I am 42 now and my mother passed away in January. A lot to handle because my dad passed away 12 years before, so I had to do it all myself. Eventually I got the boxes of young me and put them in our basement to go through later with my wife, a trip down can’t remember lane.
Most of it was junk and, I feel bad about this, I tossed it. I do not need a coloring page of Big Bird I couldn’t stay in the lines for. We did find something different though…
Memories of Gene.
Gene is the name I give him now. He didn’t have a name when I was a kid and I knew a guy named Gene a few years back that slightly reminds me of him, at least the closest I could get. As a child, if I wrote about him, it was “it” or “him”. Hope naming it doesn’t come back to bite me.
Now, let me preface this with the standard disclaimers:
I am not crazy.
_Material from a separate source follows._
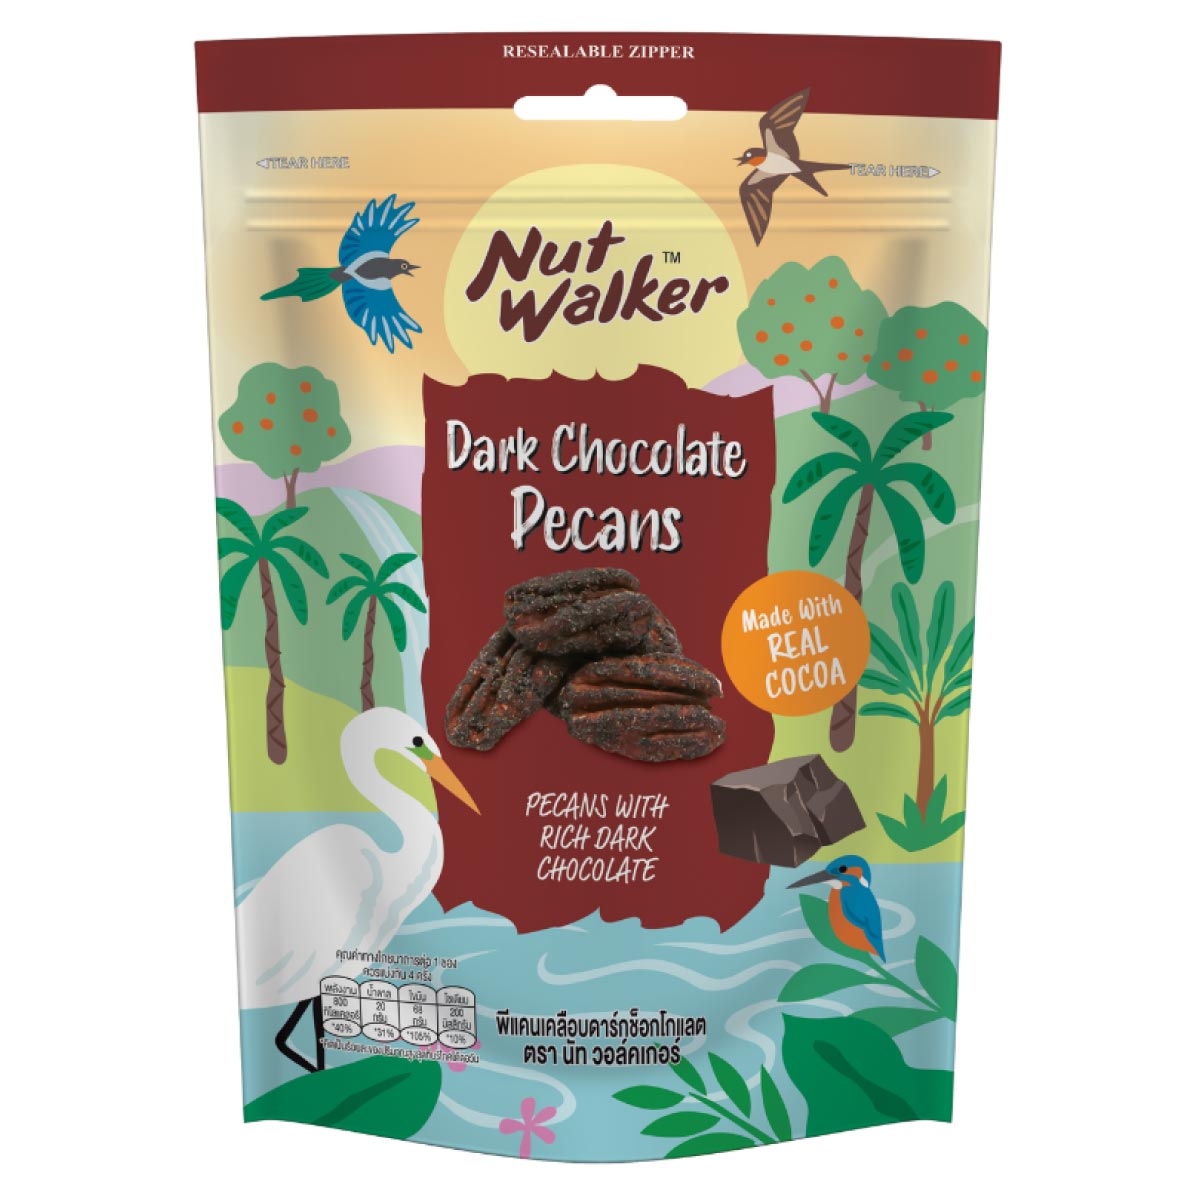 NUTW-Pecans-with-dark-chocolate-120g-1200x1200
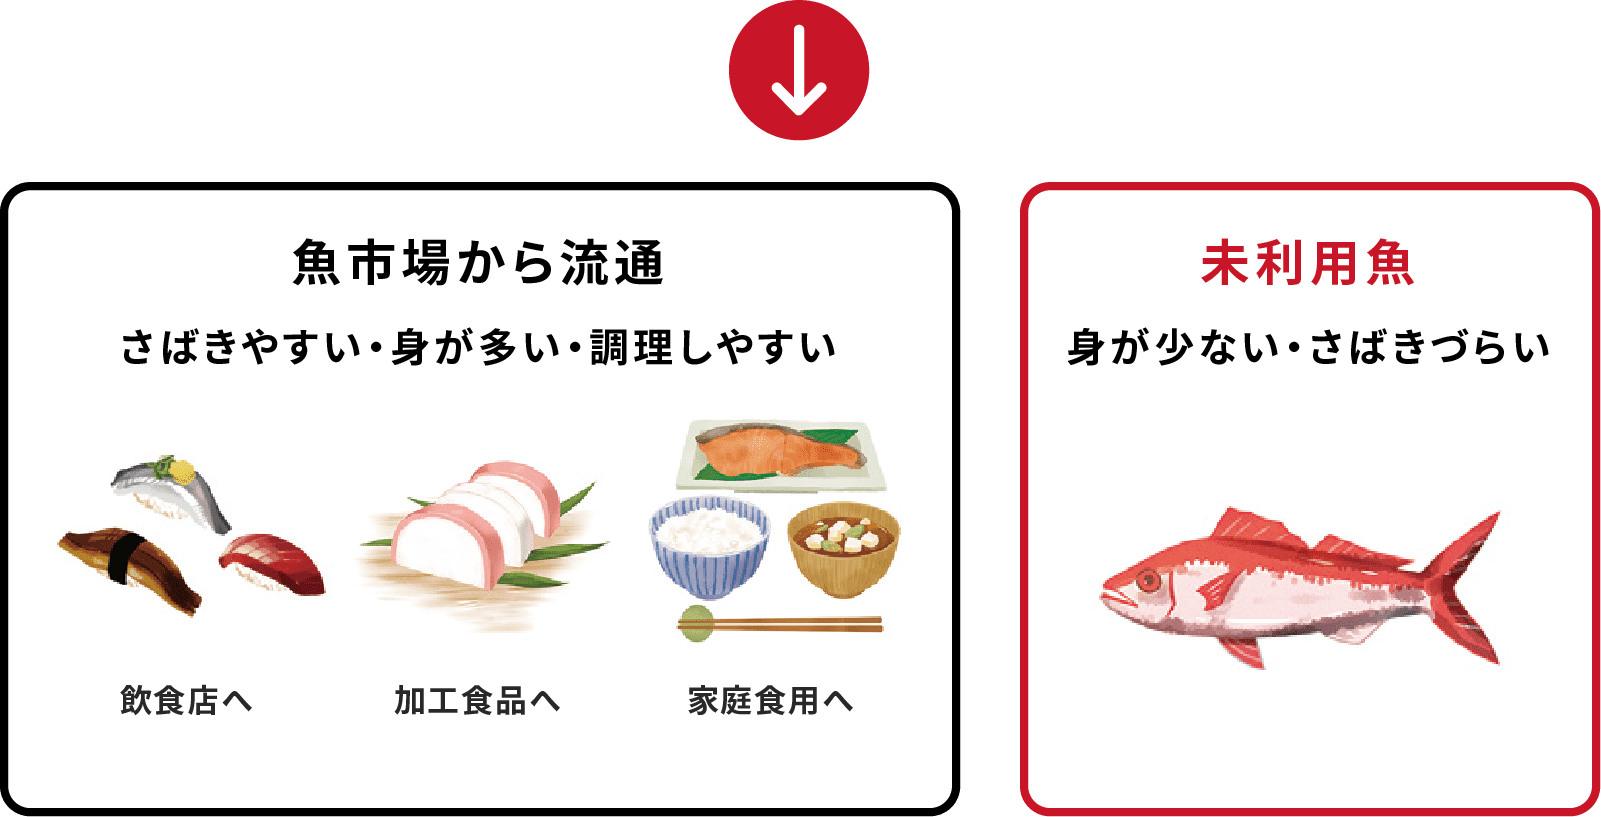 魚市場から流通する魚はさばきやすく身が多く調理しやすいのに対して、未利用魚は身が少なくさばきにくい

Like I said, 42, married, have kids, career and all those things incredibly crazy people probably don’t have.
I am not saying Gene was real. I was a kid, didn’t live on an old mystic site, no one that I know of was murdered in my childhood home and, as far as I can recollect, no haunted grandfather clocks or communication with the dead happened in the lead up. As a matter of fact, I never knew why I started seeing him nor why I stopped seeing him.
With that said, Gene was unique. He wasn’t a friend and behaved much more like a ghostly presence out to torment me than any imaginary friend would. He didn’t look like a ghost though, he wasn’t translucent, didn’t float and seemed like the laws of physics firmly applied to him. Then again, I never saw his face.
Gene was always backwards, as in facing away from me. He wasn’t a child either, he was a full grown man in size. To be specific, Gene was a guy about my father’s height, although much heftier. He wore tighty-whities and socks that looked kind of dirty, he also looked kind of dirty and very sweaty. His hair was short, a dirty light brown perhaps, so I could see he had a normal shaped head for a guy that size and the only extremely weird thing was that his stomach hung to the floor. Imagine if someone with an extremely bulbous stomach had the contents sucked out but the skin remained, that was Gene’s belly.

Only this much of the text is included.